- **What you need to do**: This task calls for the lines below starting at the one containing "melisa-pub-beer-bar-girl-nude-in-public-34" and ending at the one containing "Conceito iPhone 6", repeated exactly with both ends kept and pictures left out.

- **Task inputs**:
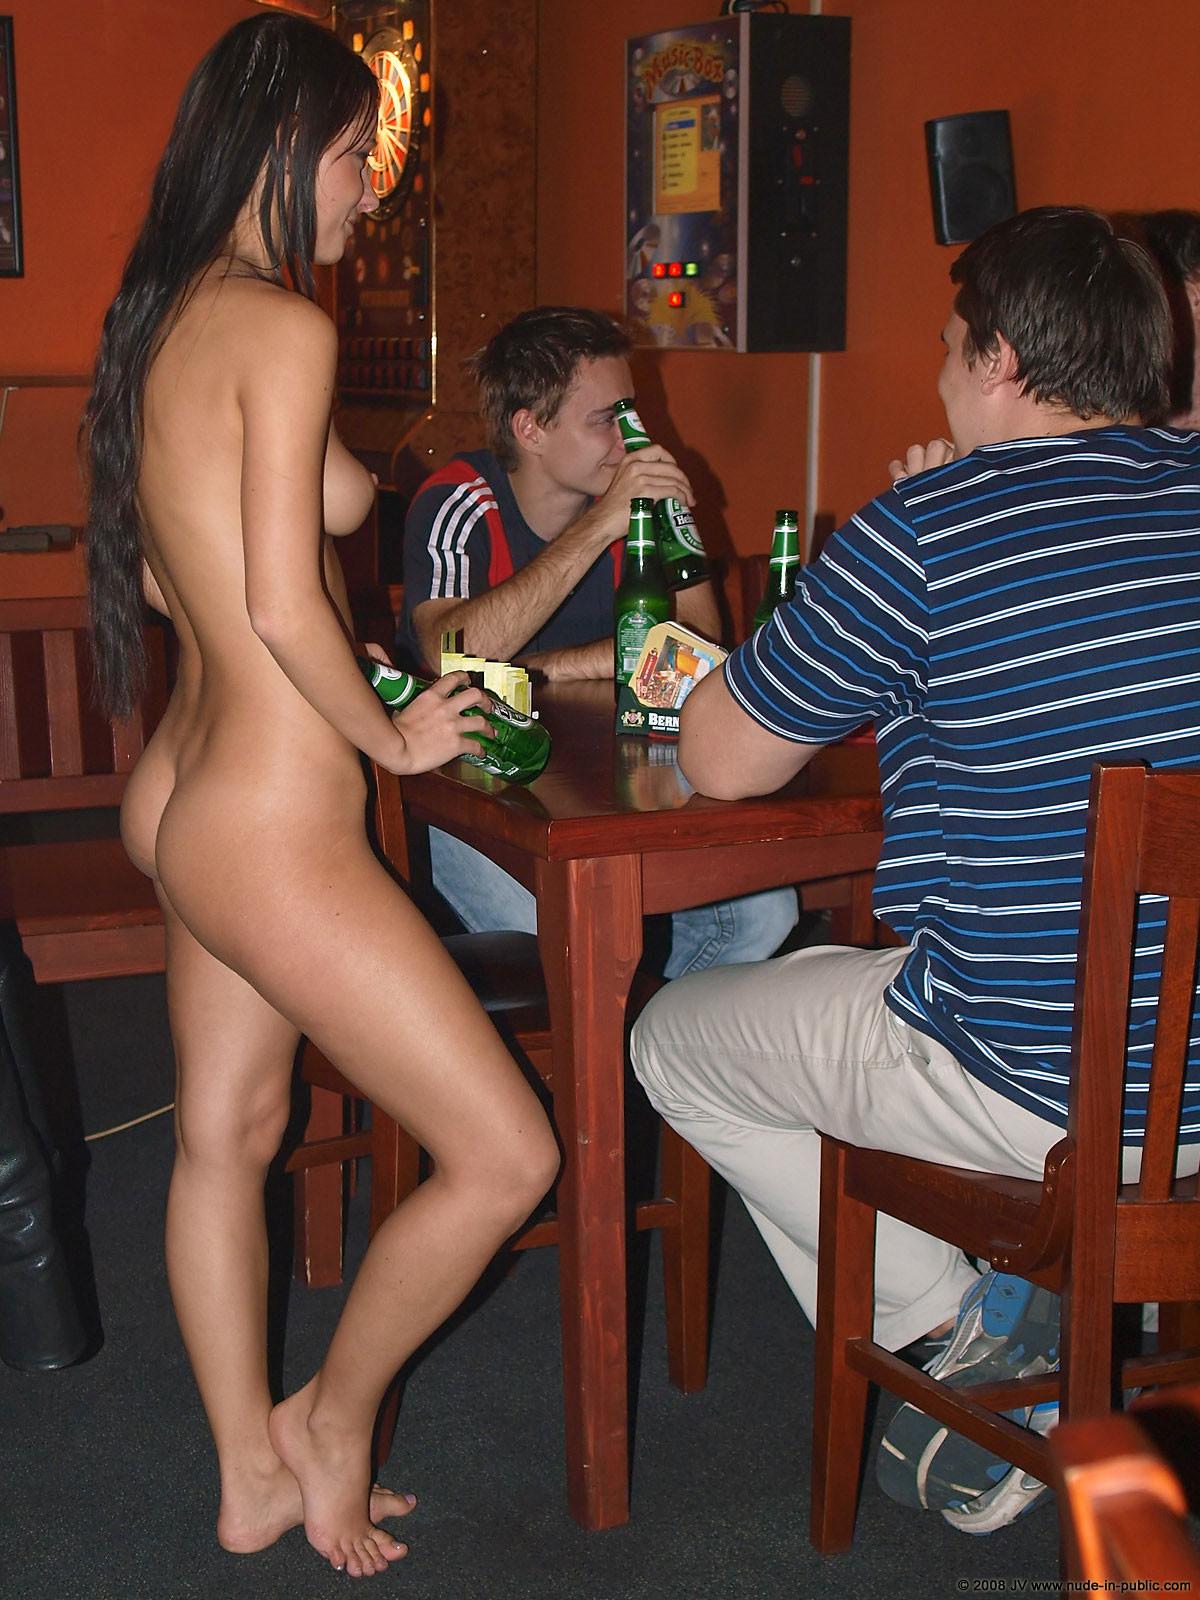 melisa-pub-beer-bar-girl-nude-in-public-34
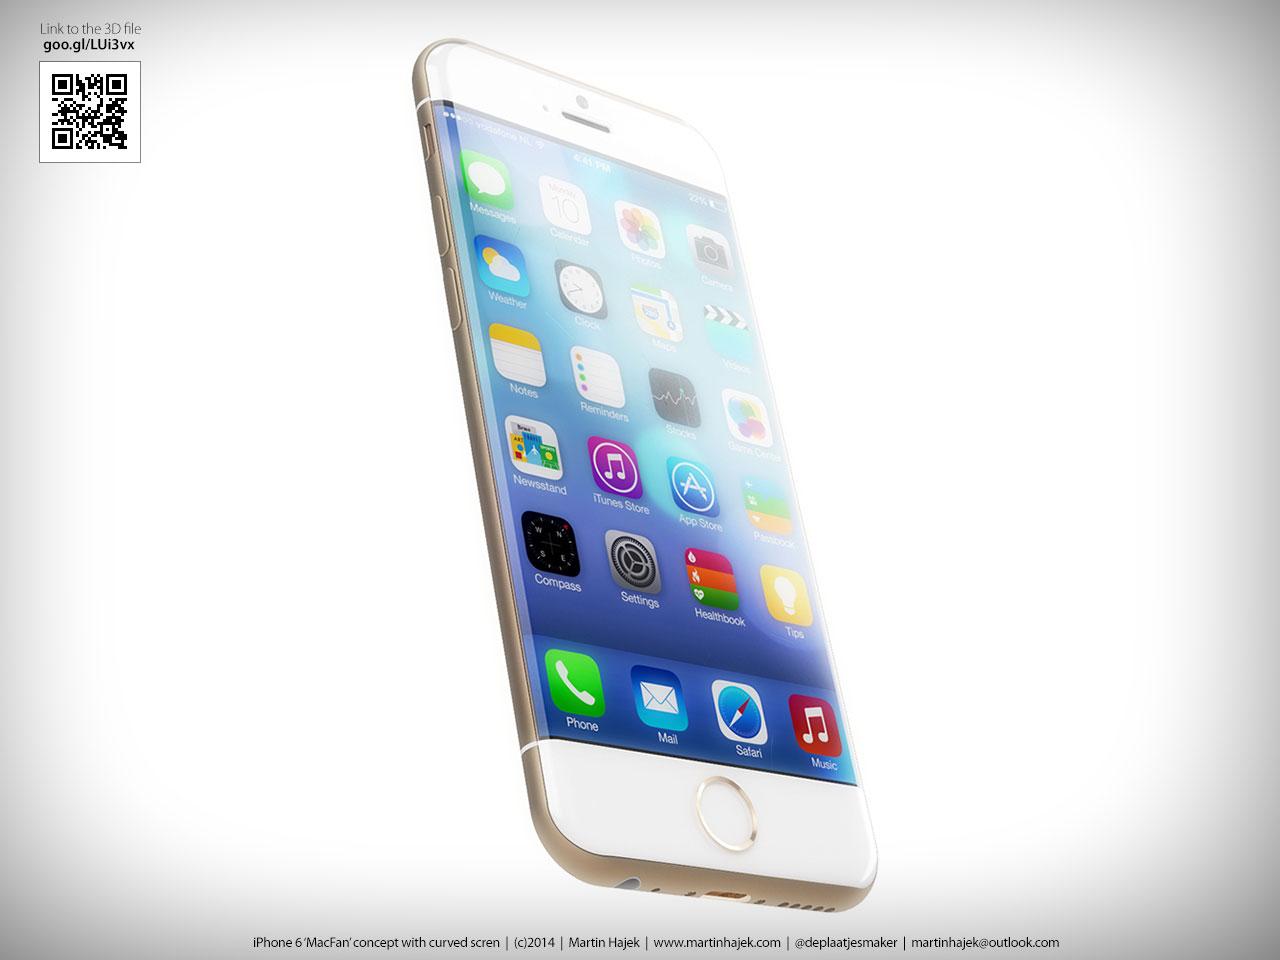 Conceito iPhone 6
* * *
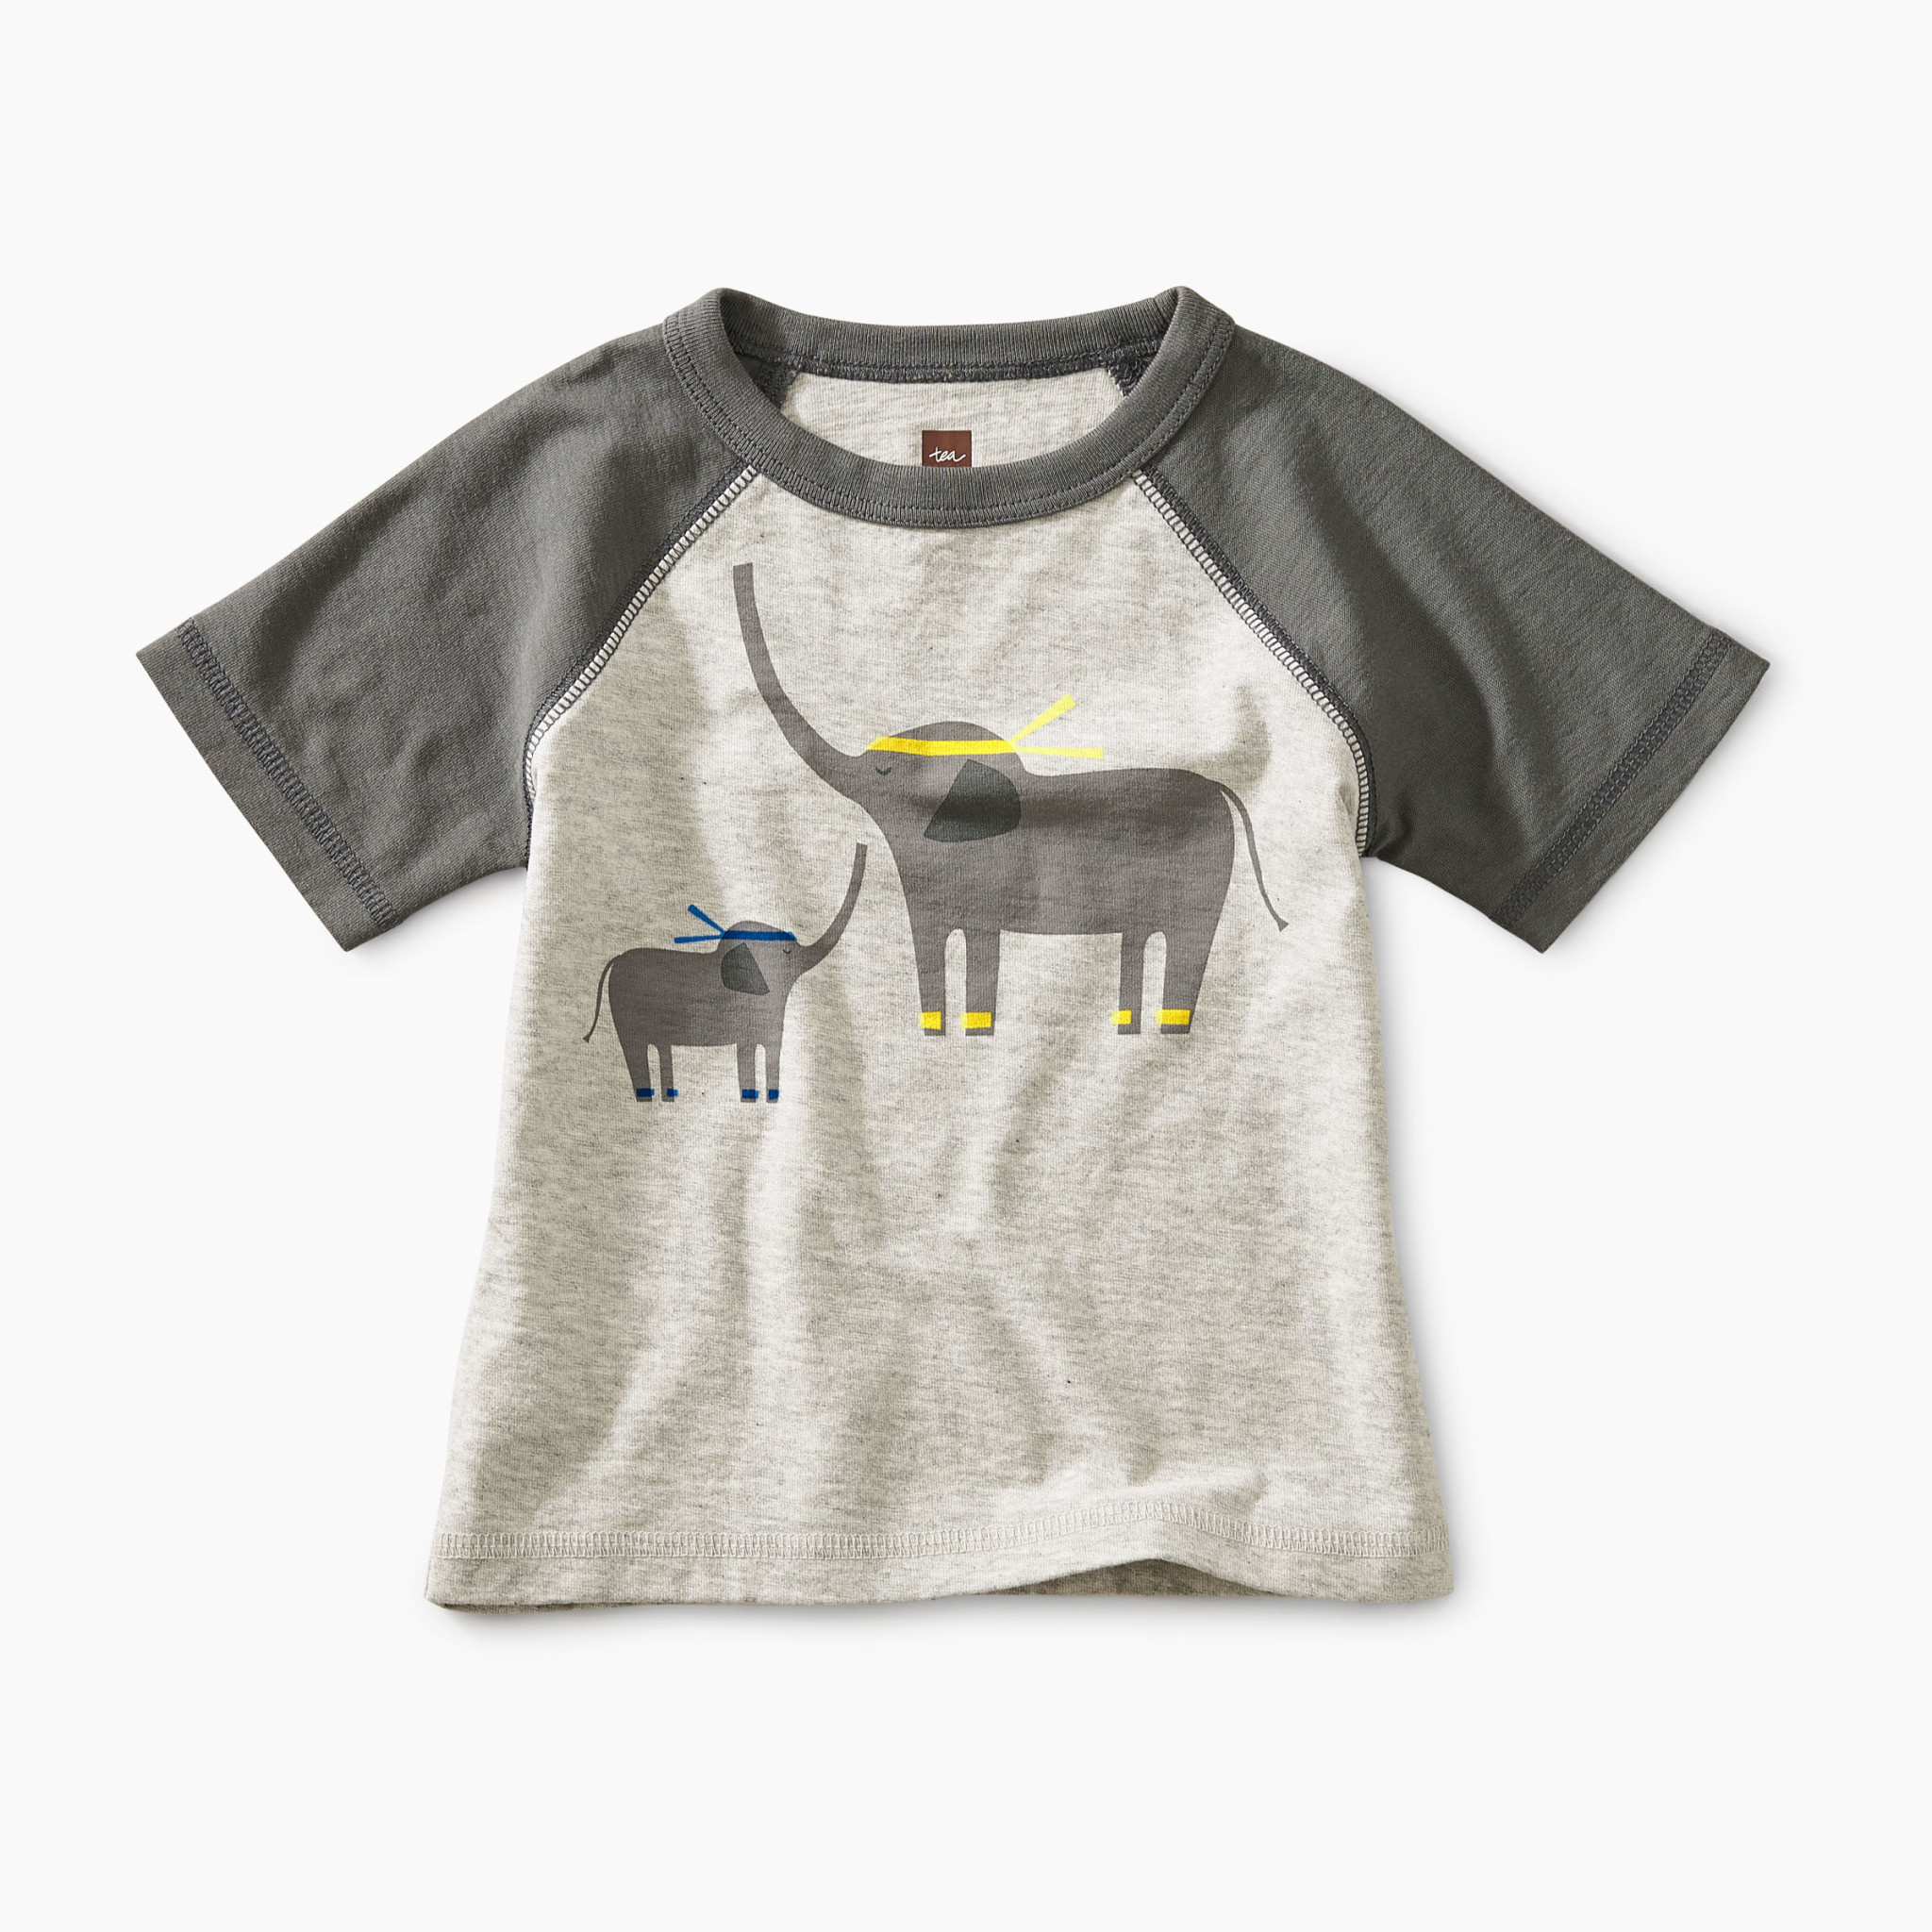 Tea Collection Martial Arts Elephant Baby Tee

- **Exercise answer**:
 melisa-pub-beer-bar-girl-nude-in-public-34
 Conceito iPhone 6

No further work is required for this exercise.